Antrag zu Ziff. I.5.

47

Bzgl. der Klausel in § 12 Nr. 3 S. 2 wird zur Vermeidung von Wiederholungen auf die vorstehenden Ausführungen verwiesen.

48

An diesen Ausführungen hält die Kammer auch weiterhin fest.“

2.

49

Die im Antrag genannten Ziff. I. 1. und I. 3. der AGB der Beklagten erweisen sich ebenfalls als rechtswidrig.

a)

50

Die Klausel zu Ziff. I. 1.

51

„Ich habe die Allgemeinen Geschäftsbedingungen gelesen und akzeptiere sie“

52

verstößt ebenso wie die Klausel zu Ziff. I. 2. gegen § 309 Nr. 12 lit. b ) BGB. Denn wie oben ausgeführt wurde, ist ein Akzeptieren der Allgemeinen Geschäftsbedingungen einem Anerkenntnis gleichzusetzen.
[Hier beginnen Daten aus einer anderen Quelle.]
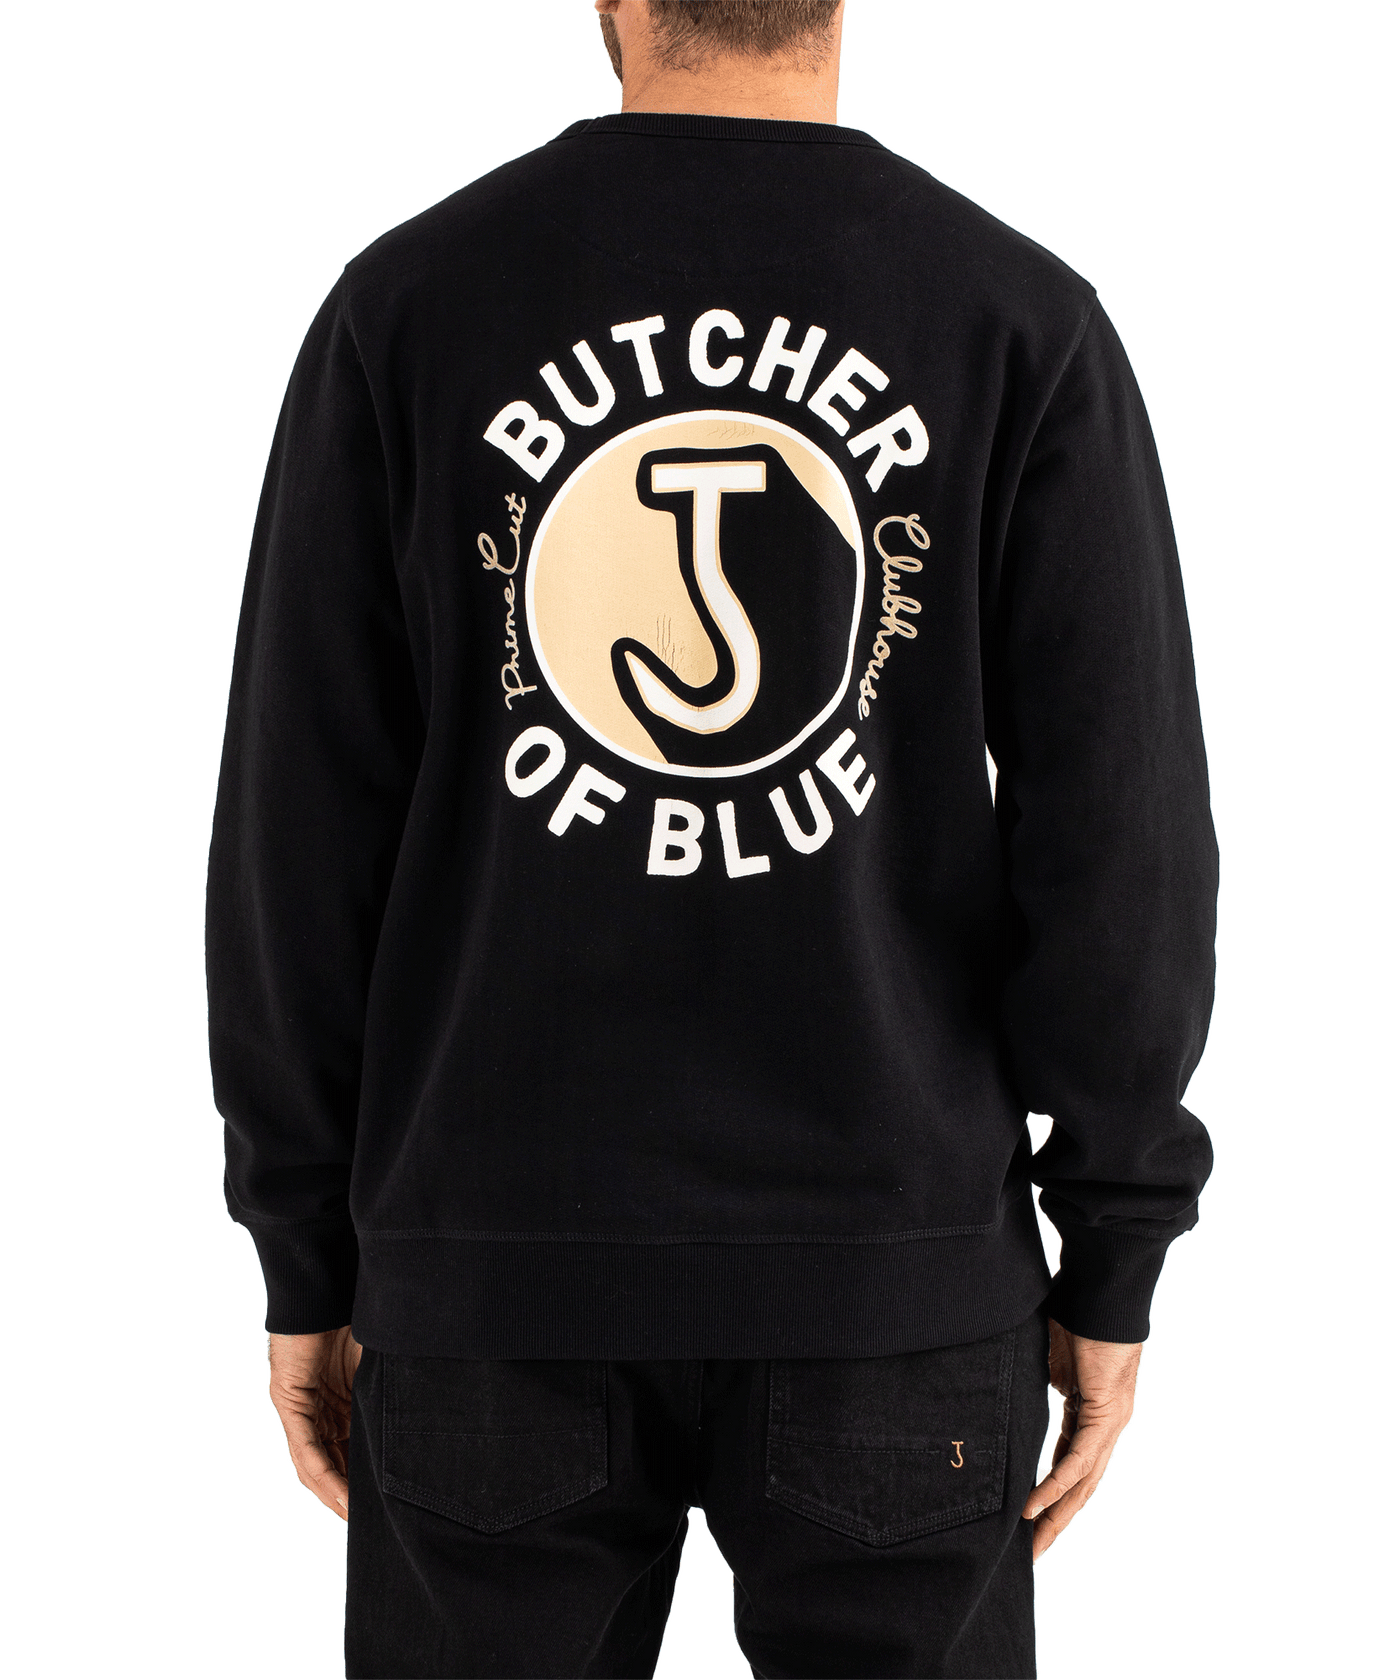 Butcher of Blue - M2323010 - Army Clubhouse Crew - 998 Montego Black
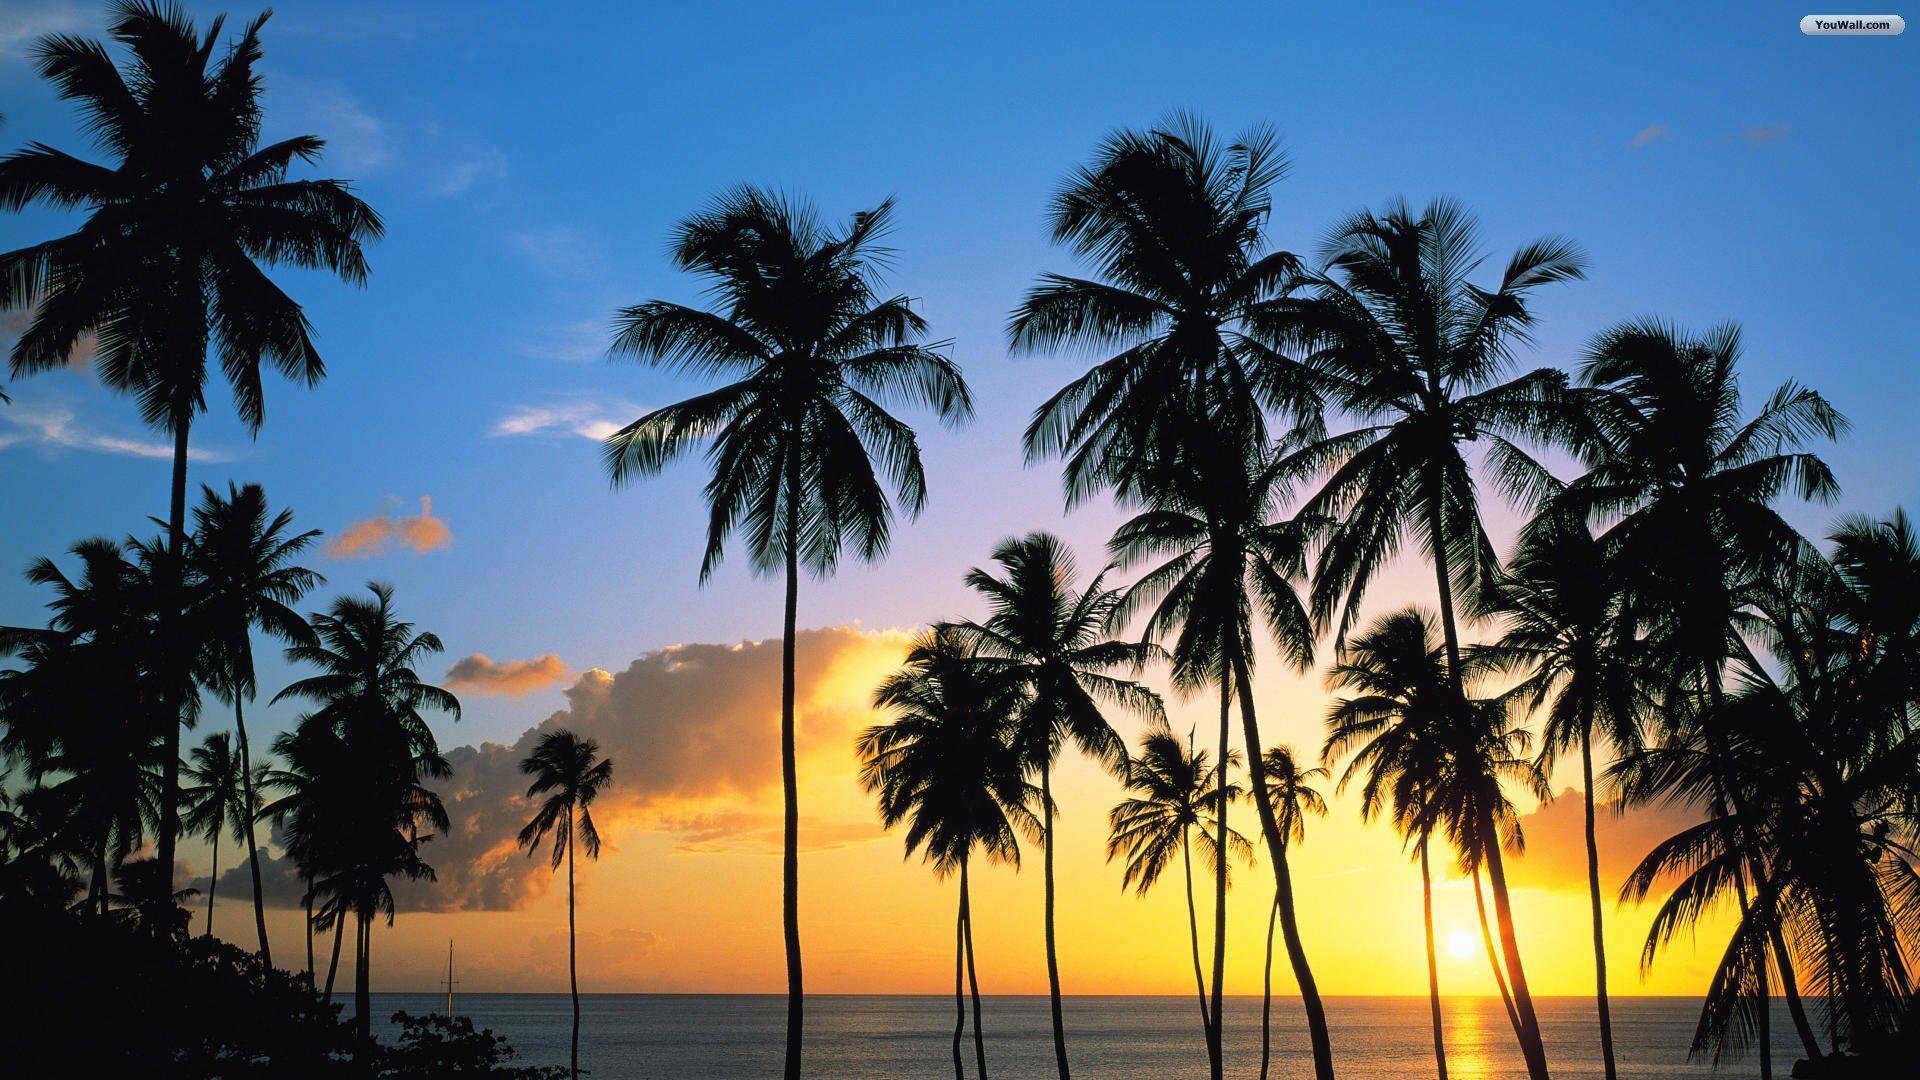 Tropical Sunsets Wallpaper, 36 Tropical Sunsets Background

Auch der Umstand, dass sich die Klausel zu Ziff. I.1. auf der Internetseite der Beklagten von den Allgemeinen Geschäftsbedingungen abgesetzt befindet, vermag an ihrer Einordnung als Teil der Allgemeinen Geschäftsbedingungen und der Anwendbarkeit von § 309 BGB nichts zu ändern.

b)

53

Die Klausel zu Ziff. I. 3.

54

„[Der Nutzer ist berechtigt, seine auf den Vertragsschluss gerichtete Willenserklärung binnen 2 Wochen zu widerrufen.] Die Frist beginnt frühestens mit Erhalt dieser Belehrung.“

55

verstößt gegen § 307 Abs. 1 S. 2 BGB, da die Bestimmung nicht klar und verständlich ist. Der Verbraucher vermag der Klausel lediglich zu entnehmen, dass die Frist „jetzt oder später“ beginnt, der Beginn des Fristablaufs also gegebenenfalls noch von weiteren Voraussetzungen abhängen soll. Der Verbraucher wird jedoch im Unklaren gelassen, welche etwaigen weiteren Umstände dies sind (BGH NJW 2012, 3428).

3.

56

Die Kostenentscheidung basiert auf § 91 Abs. 1 ZPO.

57

Die Entscheidung über die vorläufige Vollstreckbarkeit ergeht nach § 709 ZPO.